8 The Hacked and Scattered

§75. The hacked and scattered is found in the same places as those described under the cut up. Therefore, after going there and getting it put together or putting it together in the way described under the cut up so that there is only a finger’s breadth separating [the pieces], it should be brought to mind as “Repulsiveness of the hacked and scattered, repulsiveness of the hacked and scattered.” Here, when the learning sign becomes evident, it does so with the fissures of the wounds; but the counterpart sign appears whole.

9 The Bleeding

§76. The bleeding is found at the time when [blood] is trickling from the openings of wounds received on battlefields, etc., or from the openings of burst boils and abscesses when the hands and feet have been cut off. So on seeing that, it should be brought to mind as “Repulsiveness of the bleeding, repulsiveness of the bleeding.” Here the learning sign appears to have the aspect of moving like a red banner struck by wind; but the counterpart sign appears quiet.

10 The Worm-Infested

§77. There is a worm-infested corpse when at the end of two or three days a mass of maggots oozes out from the corpse’s nine orifices, and the mass lies there like a heap of paddy or boiled rice as big as the body, whether the body is that of a dog, a jackal, a human being, 12 an ox, a buffalo, an elephant, a horse, a python, or what you will. It can be brought to mind with respect to anyone of these as “Repulsiveness of the worm-infested, repulsiveness of the worm-infested.” For the sign arose for the Elder Cūḷa-Piṇḍapātika-Tissa in the corpse of an elephant’s carcass in the Kāḷadīghavāpi reservoir. Here the learning sign appears as though moving; but the counterpart sign appears quiet, like a ball of boiled rice.

11 A Skeleton

§78. A skeleton is described in various aspects in the way beginning “As though he were looking at a corpse thrown onto a charnel ground, a skeleton with flesh {239|181}and blood, held together by sinews” ( [ D ] II 296). [192] So he should go in the way already described to where it has been put, and noticing any stones, etc., with their surrounding signs and in relation, to the object, he should characterize it by the fact of its having attained that particular individual essence thus, “This is a skeleton,” and he should apprehend the sign in the eleven ways by colour and the rest.
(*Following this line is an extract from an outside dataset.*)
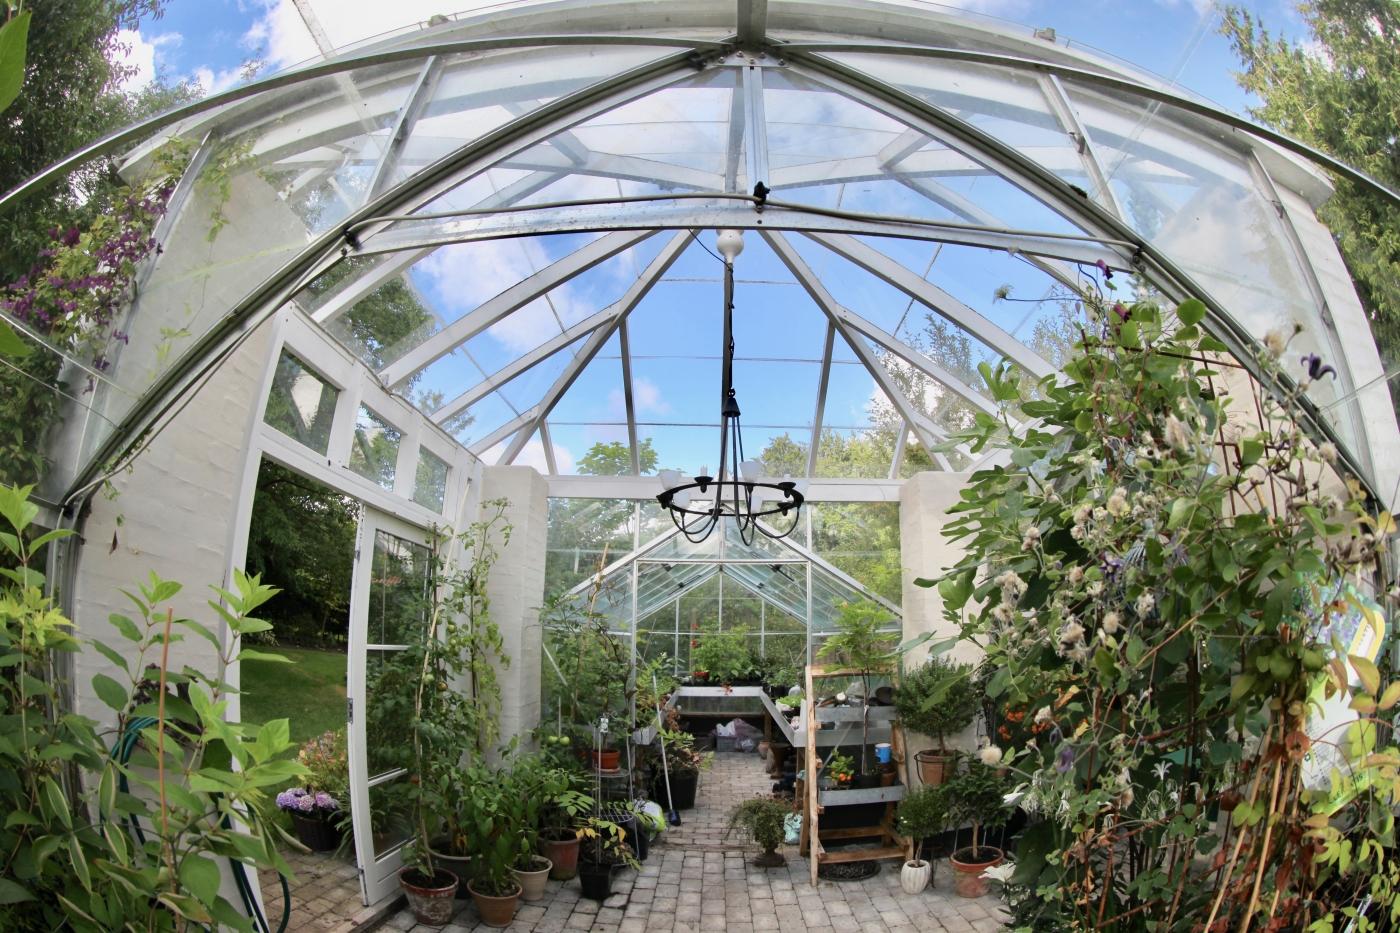 Opdateret Er der forskel på et orangeri og et drivhus? - Drivhusklubben.dk WQ17
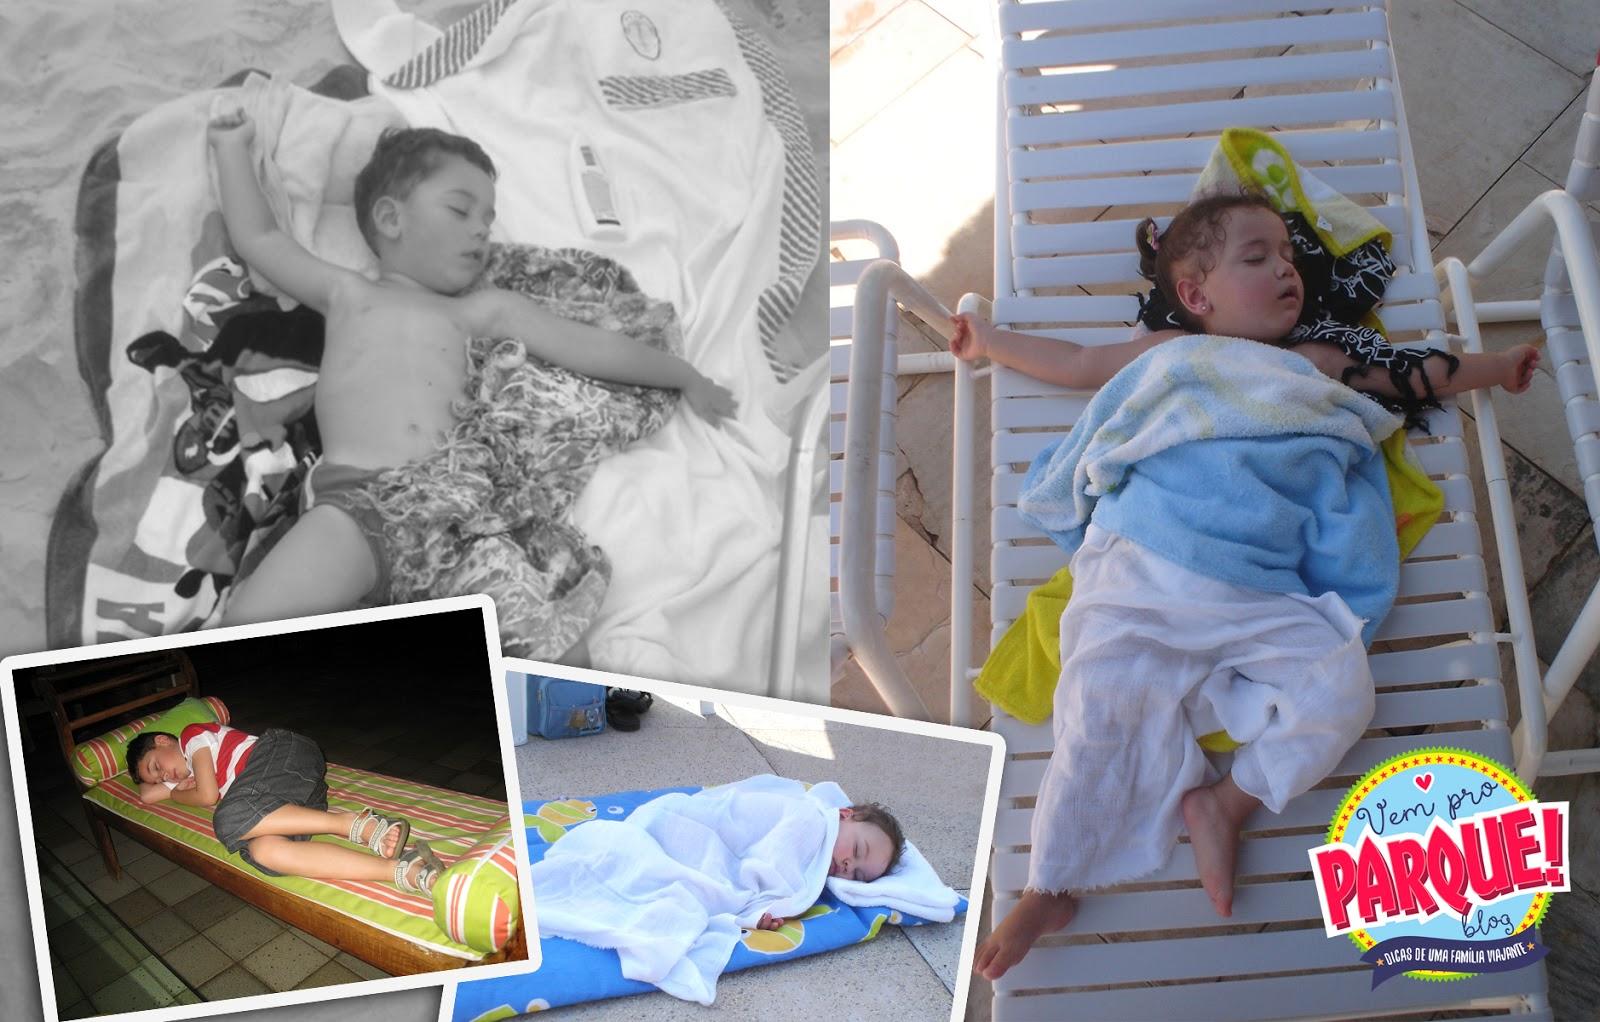 Crianças dormindo na viagem, na praia, no hotel

But if he looks at it, [apprehending it only] by its colour as white, it does not appear to him [with its individual essence as repulsive], but only as a variant of the white kasiṇa. Consequently he should only look at it as ‘a skeleton’ in the repulsive aspect.

§79. “Mark” is a term for the hand, etc., here, so he should define it by its mark according to hand, foot, head, chest, arm, waist, thigh, and shin. He should define it by its shape, however, according as it is long, short, square, round, small or large. By its direction and by its location are as already described (§3940). Having defined it by its delimitation according to the periphery of each bone, he should reach absorption by apprehending whichever appears most evident to him. But it can also be defined by its concavities and by its convexities according to the concave and convex places in each bone. And it can also be defined by position thus: “I am standing in a concave place, the skeleton is in a convex place; or I am standing in a convex place, the skeleton is in a concave place.” It should be defined by its joints according as any two bones are joined together. It should be defined by its openings according to the gaps separating the bones. It should be defined all round by directing knowledge to it comprehensively thus: “In this place there is this skeleton.” If the sign does not arise even in this way, then the mind should be established on the frontal bone. And in this case, just as in the case of those that precede it beginning with the worm-infested, the apprehending of the sign should be observed in this elevenfold manner as appropriate.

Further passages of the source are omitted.